Dick, who never remarried ("Phil was a hard act to follow"), entertains her own literary aspirations. "Now that I've lived a long life, I have the opportunity to write about everything I've lived and read. I especially love editing, looking for just the right word or phrase, getting rid of everything superfluous. I love learning more about writing and about myself, how my mind works. In my personal universe, the only life worth living is one connected with the arts and literature."

"I'm still being amazed," she comments about Philip's current rock-star literary status. "Although back when I was married to him, I always thought he was going to be recognized as an important writer one day.

"`Phil` believed in his writing and wouldn't have been all that surprised. He would have liked the recognition, but he would have liked getting back to his next novel even better. He loved writing. It was his life."
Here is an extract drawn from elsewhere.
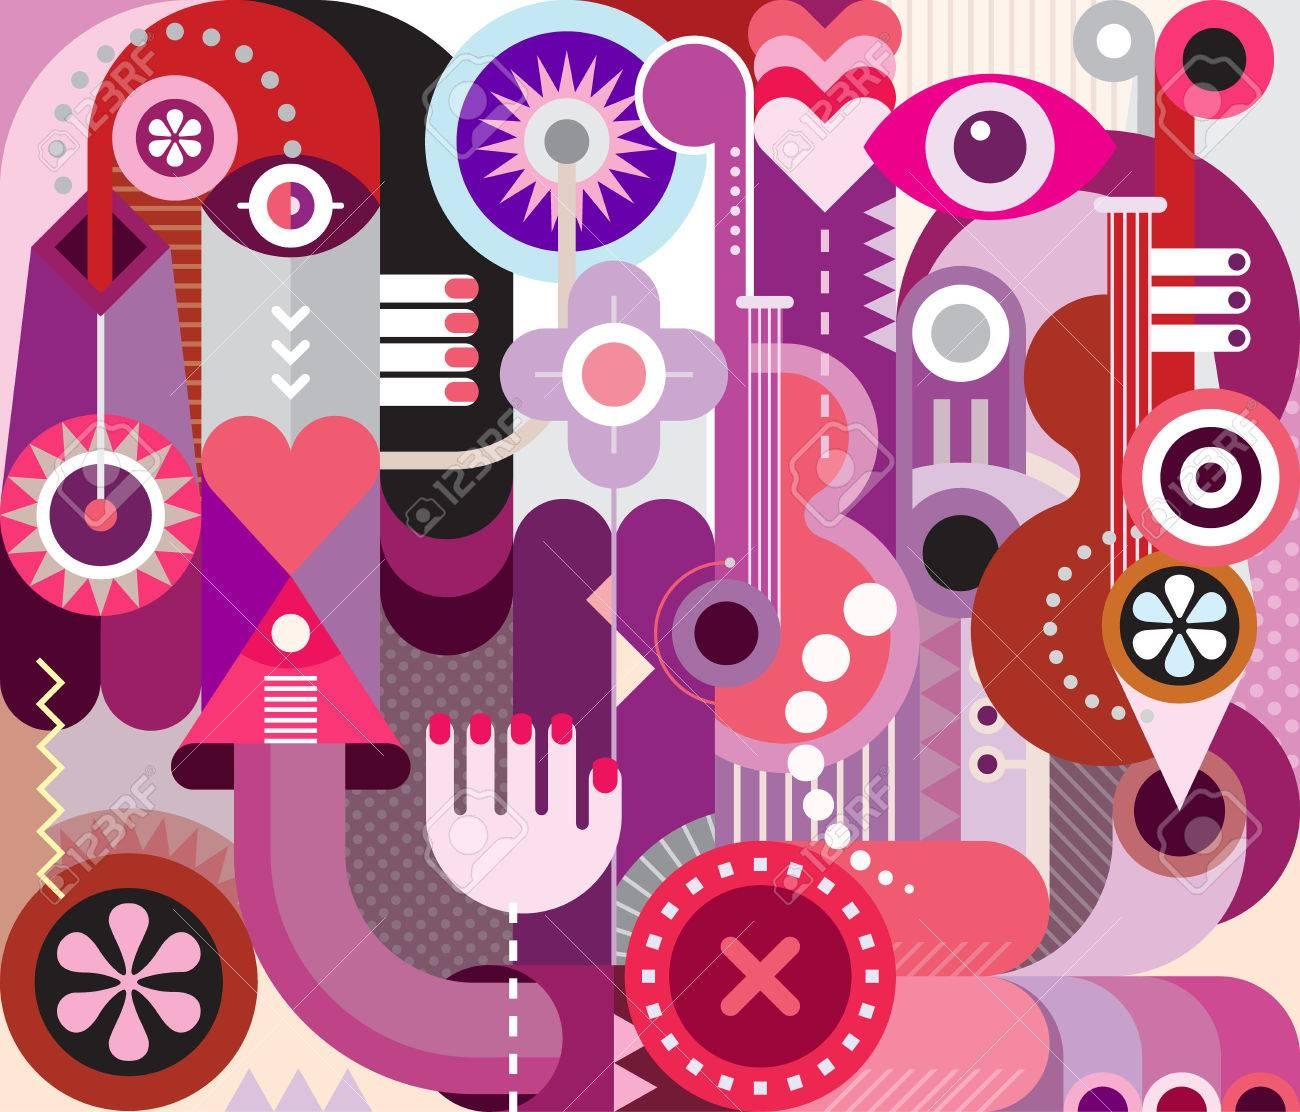 Music festival poster  Abstract art vector design, decorative

The essential Philip K. Dick: a beginner's guide

Curious about Philip K. Dick but not sure where to start? Here's a little guidance.

Arguably, Dick produced eight masterpieces: The Man in the High Castle (1962), Martian Time-Slip (1964), The Three Stigmata of Palmer Eldritch (1965), Do Androids Dream of Electric Sheep? (1968), Ubik (1969), Flow My Tears, the Policeman Said (1974), Scanner Darkly (1977) and Valis (1981).

Perhaps most accessible to new readers, especially those unfamiliar with science fiction,The Man in the High Castle relates a complex, alternate-history tale of an occupied America where the Axis won World War II. Dick cleverly incorporates the I Ching into the plot of this rich story.

In The Three Stigmata of Palmer Eldritch and Martian Time-Slip, Dick explores the multi-tiered, corporate-controlled lives of drug-addled, autistic Martian colonists. Electric Sheep, the original tale of Rick Deckard's quest, differs significantly from the cult film Blade Runner, but this classic tale still offers similar themes. Perhaps Dick's finest exploration of the nature of reality, Ubik, an anti-consumerist mystery involving a multinational corporation, centers on the search for Ubik, the elusive substance at the core of all things.

For dark near-future thrillers, check out Flow My Tears, the Policeman Said and Scanner Darkly. Both novels contain rampant drug use coupled with a paranoid distrust of law enforcement. Distraught over the drug-related deaths of so many friends, Dick used Scanner to issue a strong parable about the risks of drug use.

Dick's most critically acclaimed book, Valis, fictionalizes his professed encounters with Valis, a manifestation of God. Neophytes should not start with this nonlinear postmodern novel, among the most difficult of his oeuvre.

All eight novels are currently available individually or in one of three handsome Library of America hardcover omnibuses.